Cervical Spine Flashcards
Canadian C- spine rules
- Does the patient have high risk factors
- age >65
- paradthesia in UE’s
- dangerous MOI ( fall from >1 meter, mva speed >100kmh, mva with rollover/ ejection, bicycle or recreational vehicle.
- 2 or more X-ray required - Does the patient have any factors that permit an assessment f ROM
- ability to sit up
- ability to ambulate
- onset of neck pain not immediate
- absence of midline tenderness
- mva that does not include: being pushed into traffic, hit by a bus or truck, hit at high speed - Can the patient rotate neck 45 degrees- if not x ray required
What is the CPR for cervical manipulation?
- neck index <11.5
- bilateral involvement
- not performing sedentary work > 5 hours
- feeling better while moving the neck
- does not feel worse while extending the neck
- diagnosis of spondylitis without radiculopathy
- 4 or more variables present = successful outcomes from 60- 89%
What is the CPR for cervical traction?
- Peripheralization with lower cervical spine c4-7
- Positive shoulder abduction sign
- Greater than 55 years
- ULTT median nerve
- Relief with manual distraction test.
- 4 or more variables present successful outcome from 44- 94.8%
- 3 variables- successful outcomes from 44-53%
- 2 variables present- successful outcomes from 44- 79%
What is the CPR for thoracic spine manipulation?
- Symptoms < 30 days
- No symptoms distal to the shoulder
- Looking up does not aggregate symptoms
- FABQ PA- <12
- Diminished upper thoracic kyphosis T3-5
- Cervical extension <30
- 3 variables present= successful outcomes from 54- 86%
What s the CPR for neck pain with radicular symptoms?
- Cervical rotation <60 degrees
- ULTT median nerve
- Distraction test
- Spurlings test
- 4 test positive- + LR 30.3, 3 positive + LR 6.1
What are the chances of radiculopathy if biceps reflex absent?

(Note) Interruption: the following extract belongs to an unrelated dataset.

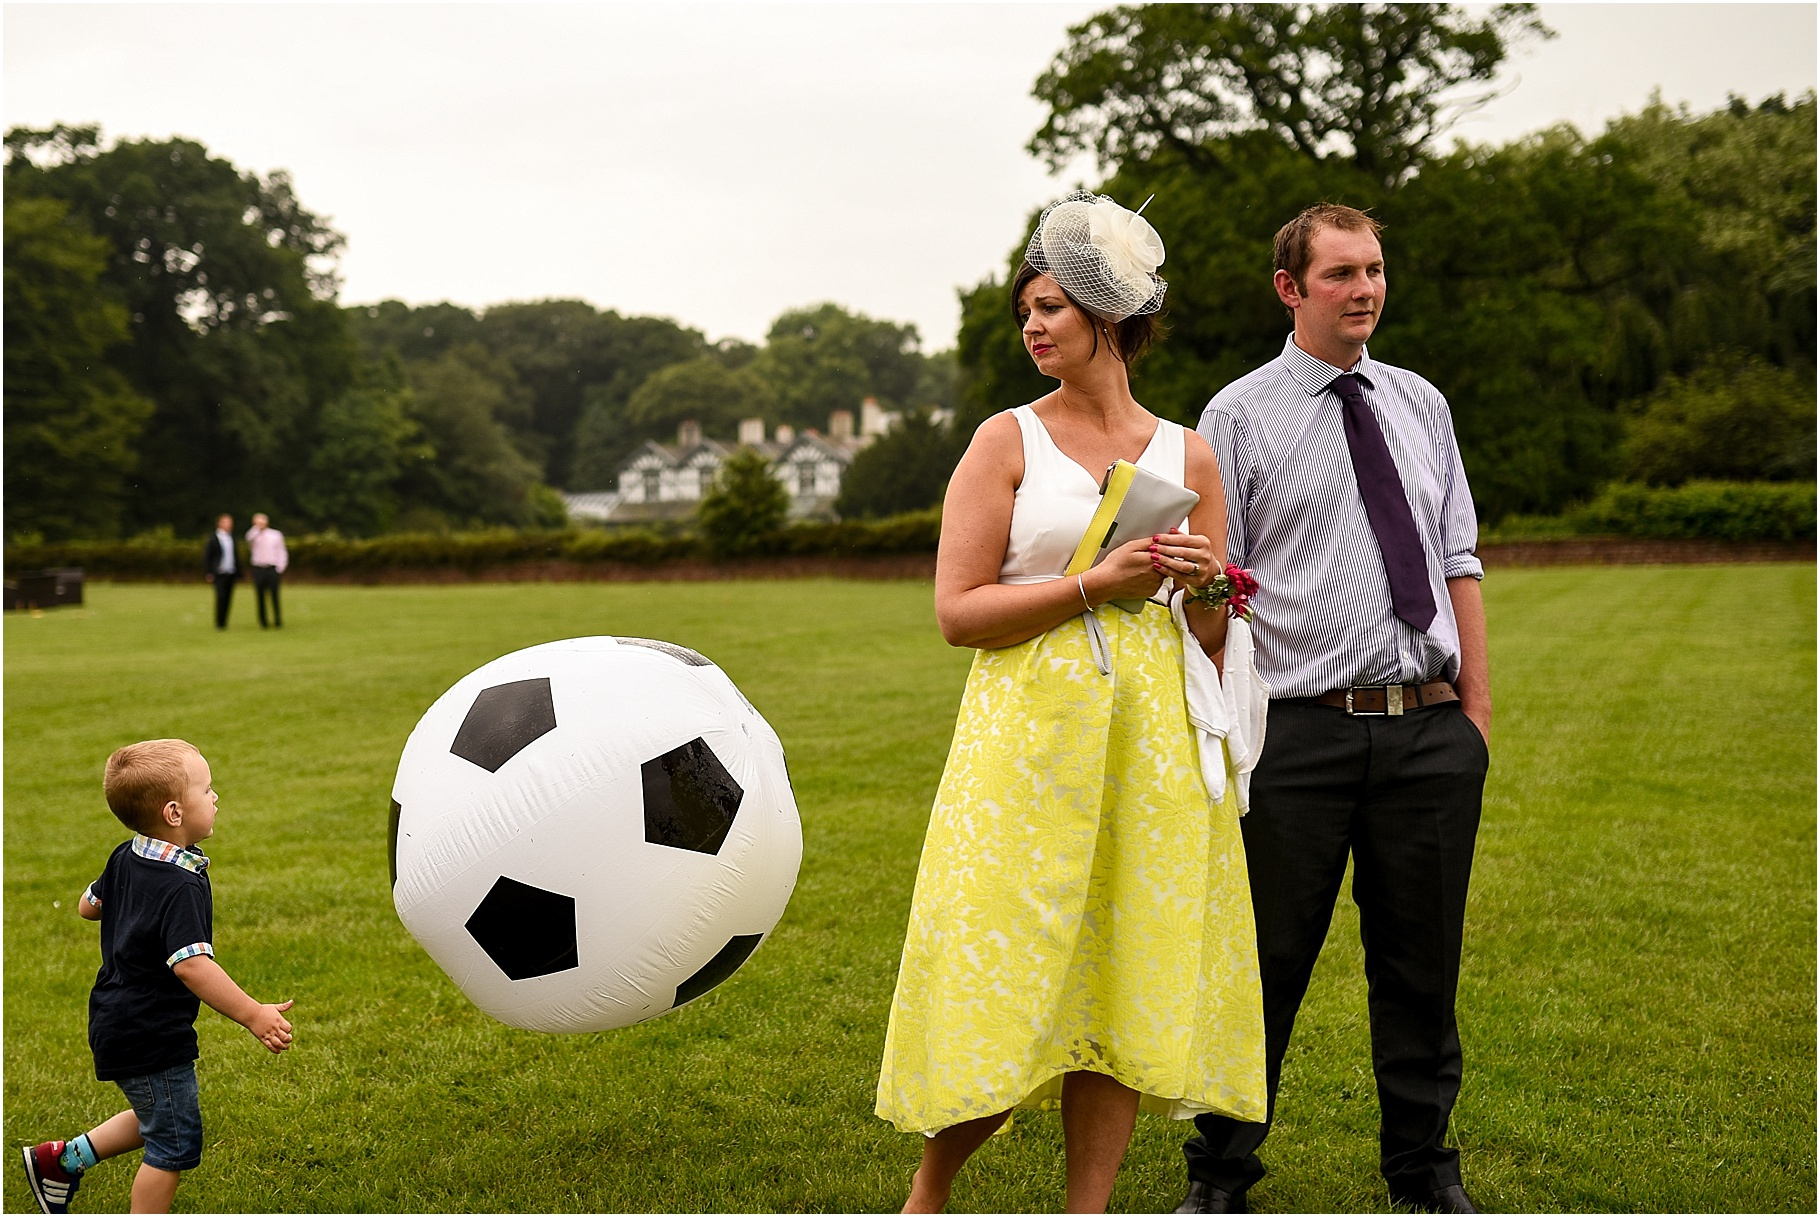 lancashire-marquee-wedding-084.jpg

Chance increases from 23-59%
What are the five neck pain treatment classification categories outlined by Fritz?
- Mobility
- Pain control
- Exercise and conditioning
- Centralization
- Headache
Mobility treatment classifications:
- Acute Pain (<12 weeks)
- non radicular symptoms
- <60 years of age
- restricted cervical ROM in rotation and sb
Pain control classification:
- High Pain and disability scores
- recent onset of symptoms(trauma)
- radiating symptoms into UE
- poor tolerance to exam or interventions
Headache treatment classification:
- unilateral headache associated with neck/ sub occipitals
- HA aggravated by ipsilateral posterior neck structures
- restricted cervical ROM and segmental mobility
- poor performance in cranial cervical flexion test
Centralization treatment classification:
- radicular symptoms into UE
- peripheralization or centralization with ROM
- signs of nerve root compresssion
Coordination and exercise classification:
- low pain and disability scores
- longer duration of symptoms
- no signs of nerve root compression
What are interventions for neck pain in mobility class?

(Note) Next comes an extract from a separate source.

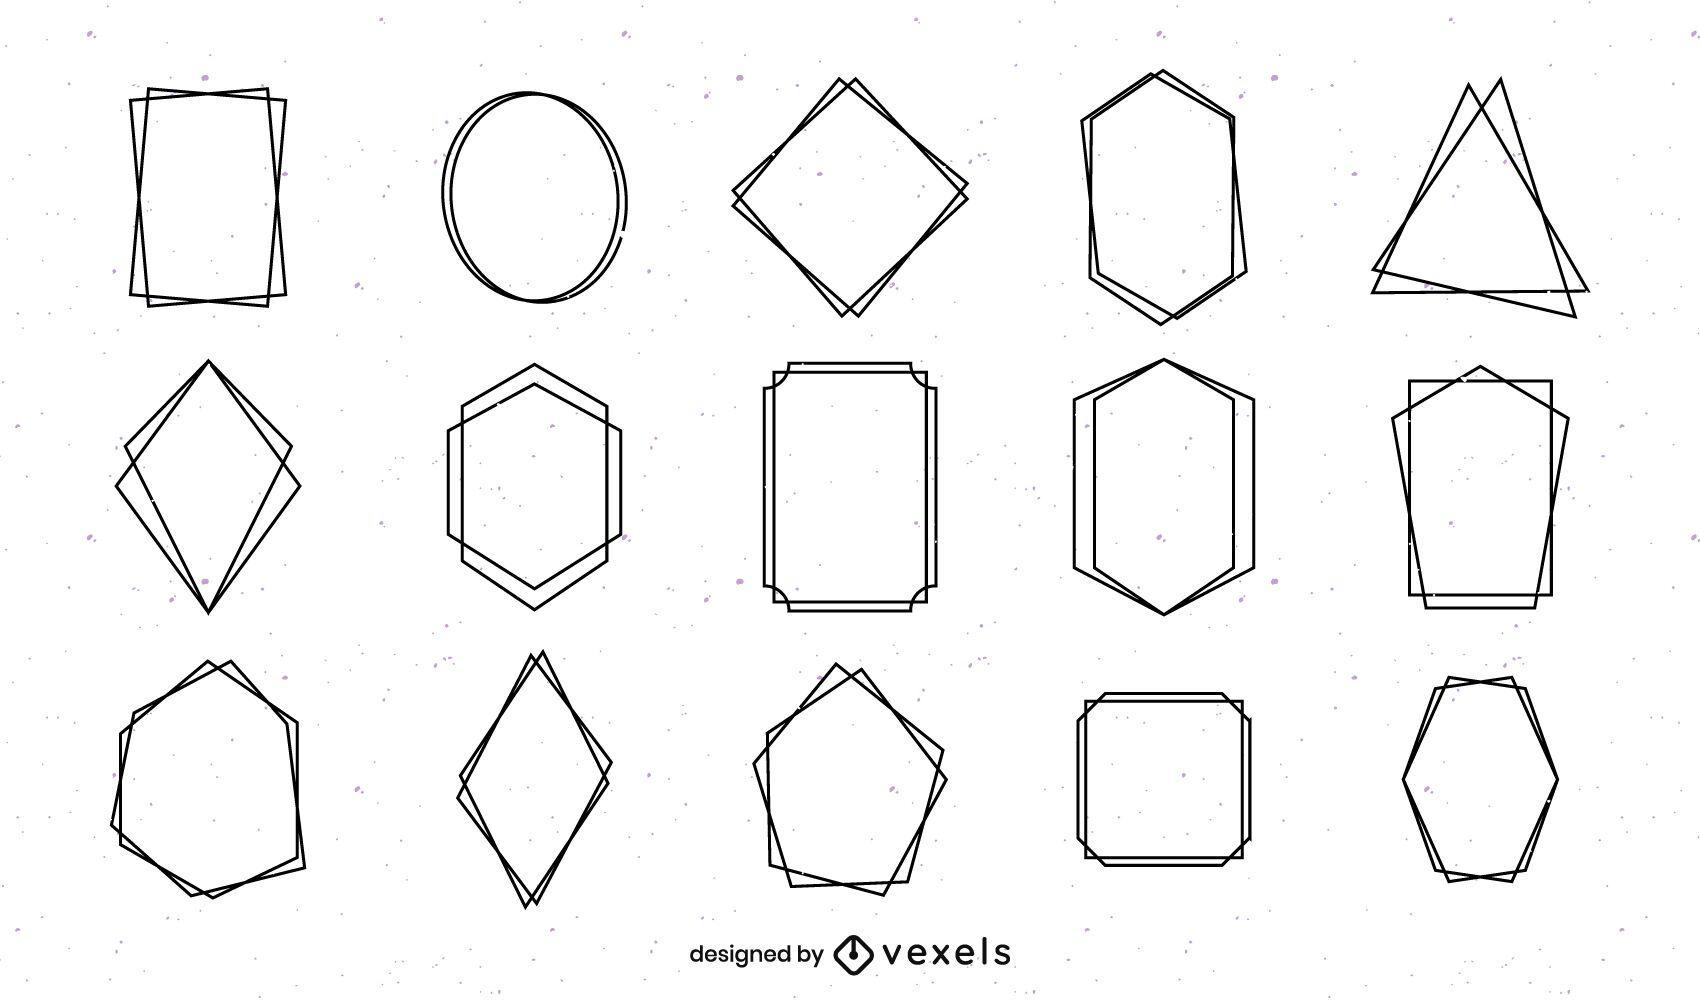 Pacote de moldura simples geométrica

- Cervical or thoracic mobilization
- AROM exercises
What are interventions appropriate for neck pain with HA class?
- cervical mobilization
- exercise, coordination, strengthening and neck endurance
- postural education
What are interventions that are appropriate for neck pain centralization class?
- traction and repeated motions
What are appropriate interventions for neck pain in the pain control class?

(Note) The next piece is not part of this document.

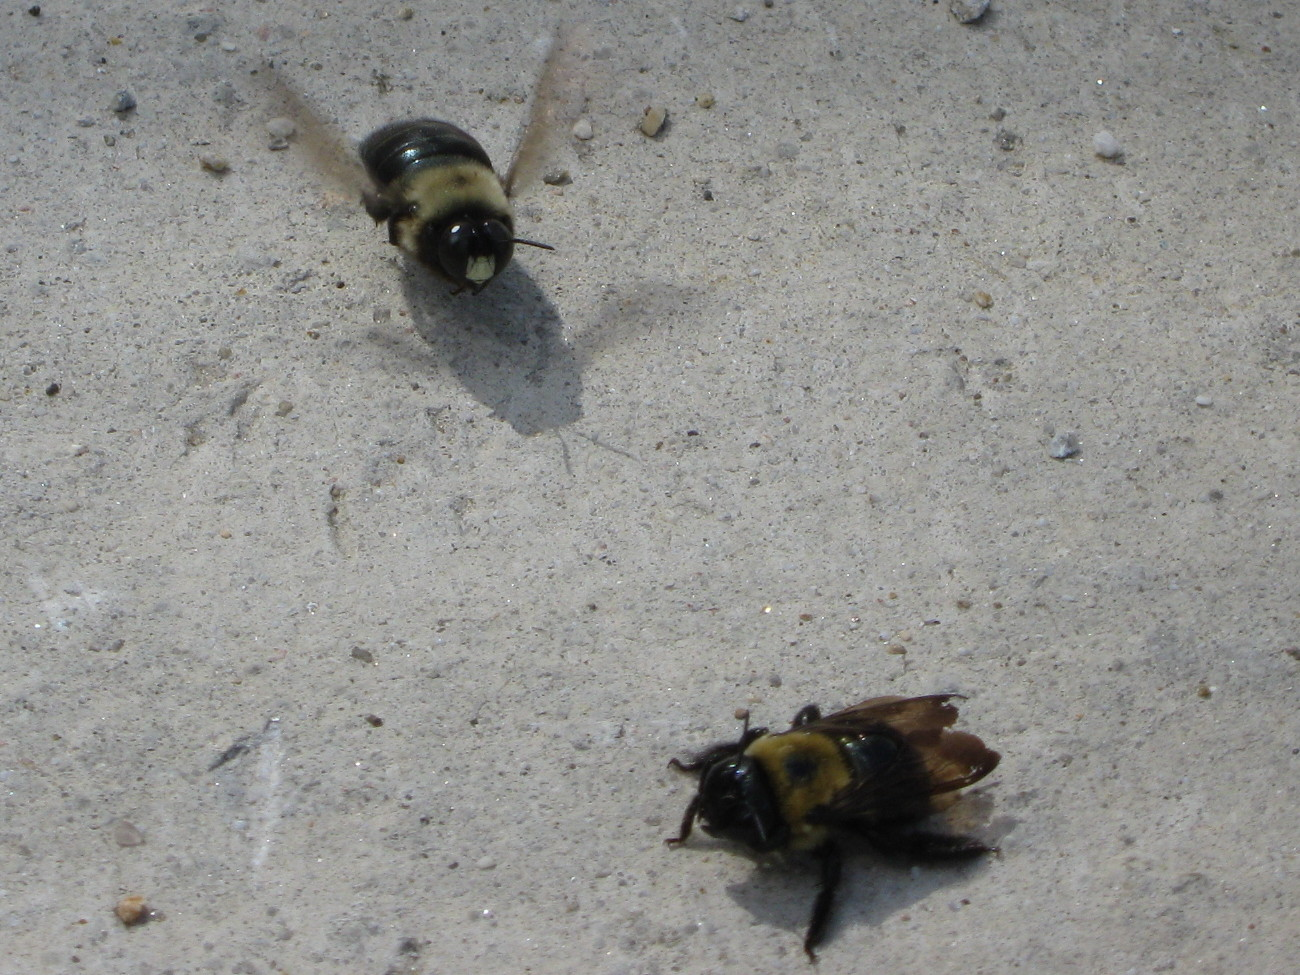 Carpenter bees in luv?

- gentle AROM with pain tolerance
- ROM to adjacent regions
- activity modifications
- modalities
What are interventions appropriate for neck pain exercise and coordination class?
- Strengthening and endurance activities
What is the level of evidence for using cervical mobilization/ manipulations?
-Strong evidence for the use of cervical manipulation and mobilization combined with exercise.
What is the level of evidence to support the use of patient education for patients with neck pain?
- strong evidence for to educate the patient on early return to non provocative pre accident activity
- strong evidence to assure the patient of good prognosis and full recovery commonly occurs
What is the level of evidence to support the use of coordination, strengthening, endurance, exercises for cervical pain?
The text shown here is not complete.